Hilda Geissmann (22 November 1890 - 10 June 1988) was a pioneering Australian botanist, naturalist and photographer whose botanical and ornithological research within the Tamborine Mountain of South East Queensland significantly contributed to the early ecological understanding of the region.

== Early life ==

Hilda Geissmann was born in Brisbane in 1890 to Wilhelm Felix Geissmann and Bertha Elfriede Dorothea Geissmann. Her Swiss born father was a grocer by trade and in 1898, when Hilda was eight, he decided to move the family to Tamborine Mountain where he built a guest house called Capo di Monte (which later burnt down in 1930). She grew up with access to 200 acres of bushland and rainforest adjacent to her family home where, from a young age, she was to spend many hours gaining knowledge and experience of the natural world. She undertook art training at the Brisbane Central Technical College from 1913 alongside fellow students including painter Lloyd Rees and sculptor Daphne Mayo who was to remain a life-long friend. In 1926 she married Herbert Curtis, a widower in his 40s. In 1928 Geissmann was to give birth to her only child, Herbert Sydney (Syd) Curtis in 1928 who was to later become a notable ornithologist and conservation figure in Queensland.

== Natural History Work ==

Hilda Geissmann’s Natural History research, writing and photography was widely recognised within Australian botanical and ornithological communities in the early to mid-20th century. Her written articles (often accompanied by her photographs) were frequently published in the journal of the Queensland Naturalists Club (Queensland Naturalist) and her research was noted for being an important influence upon the work of Australian naturalist and author Alexander Hugh Chisholm as well as Zoologist and Conservationist Francis Ratcliffe who was to later become the chief of the CSIRO Division of Wildlife Research and founder of the Australian Conservation Foundation.

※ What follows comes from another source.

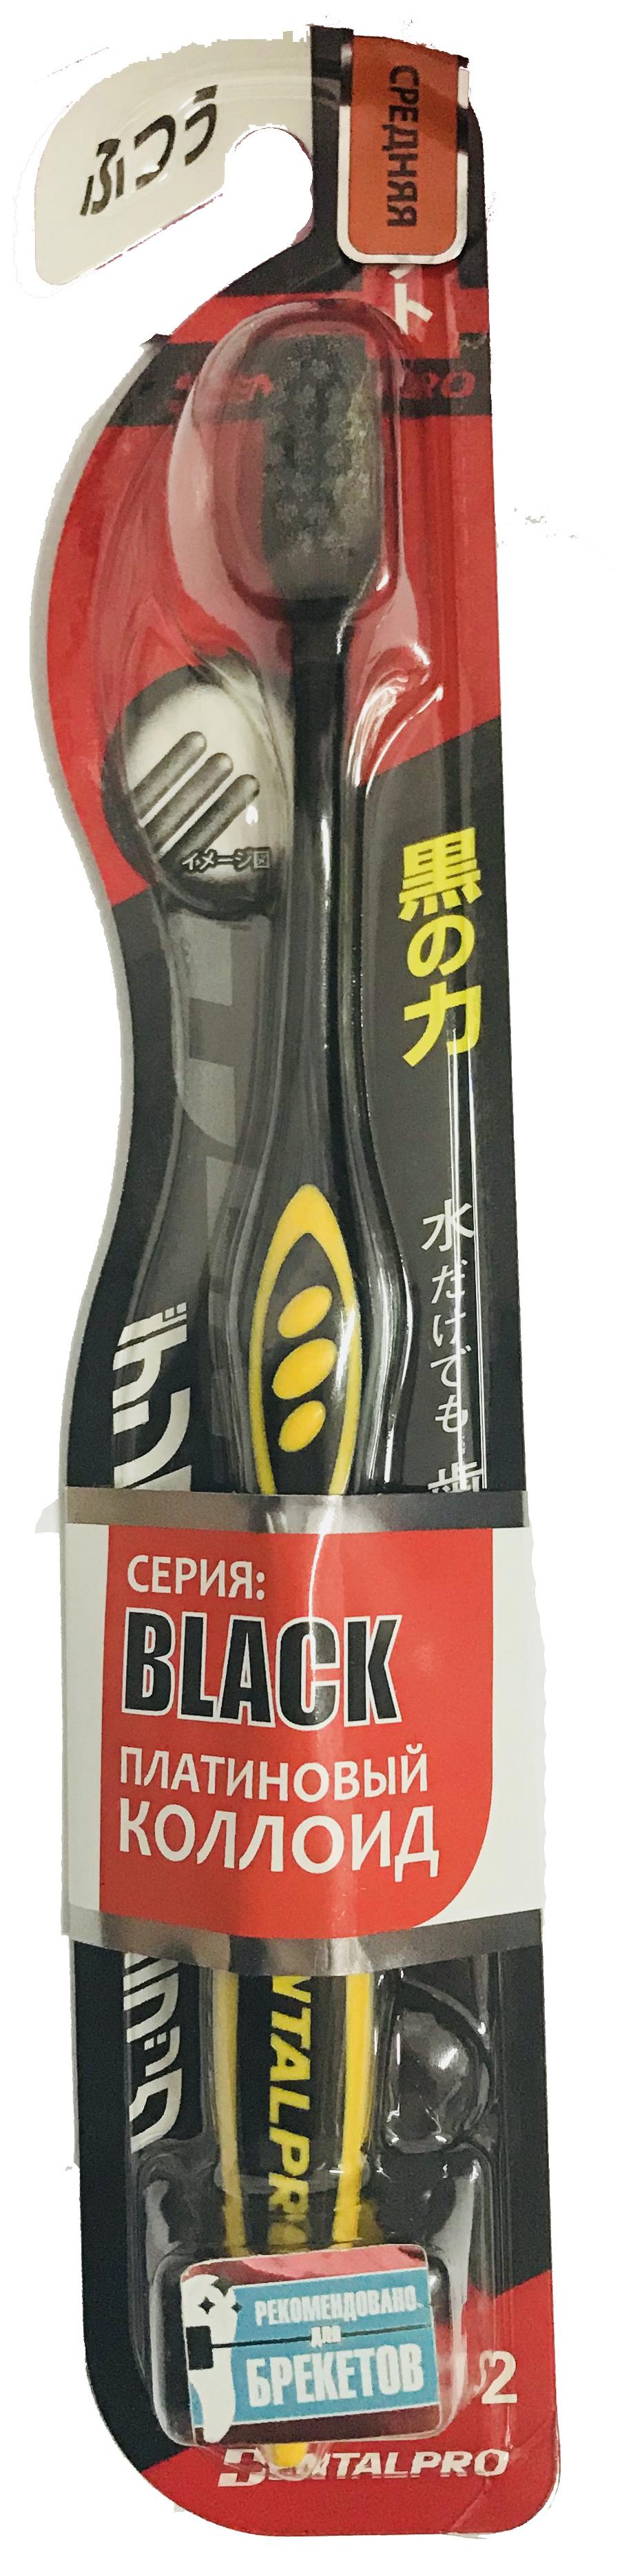 Dentalpro Black Compact Head Зубная щетка с коллоидной керамикой Средней жесткости

Geissmann’s work in the field of Orchid identification and collection was also important to the research of Australian botanists such as William Henry Nicholls, Alexander Greenlaw Hamilton, Herman Rupp, Richard Sanders Rogers, Anthony Musgrave (entomologist) and Ferdinand August Weinthal, all of whom she was known to frequently correspond on natural history matters whilst also fulfilling their requests for plant specimen photographs and fresh flower samples for study. Her scientific collaboration in this field with William Henry Nicholls was to later result in Nicholls naming the rainforest greenhood species Pterostylis hildae in her honour. Geissmann's work was also well recognised in the international scientific community and in 1925 Professor Charles Joseph Chamberlain of the University of Chicago sent her the microscope and chemicals necessary for conducting Histological work on Australian cycads, mosses and lichens which was critical to the University’s research in the field. Her photographic study of the 1000 year old Mt. Tambourine Cycad "Great Grandfather Peter" was to later also feature on the cover of the American Journal of Science Newsletter, in 1937 and many of Geissmann’s specimens reside in herbariums and museums in throughout the USA.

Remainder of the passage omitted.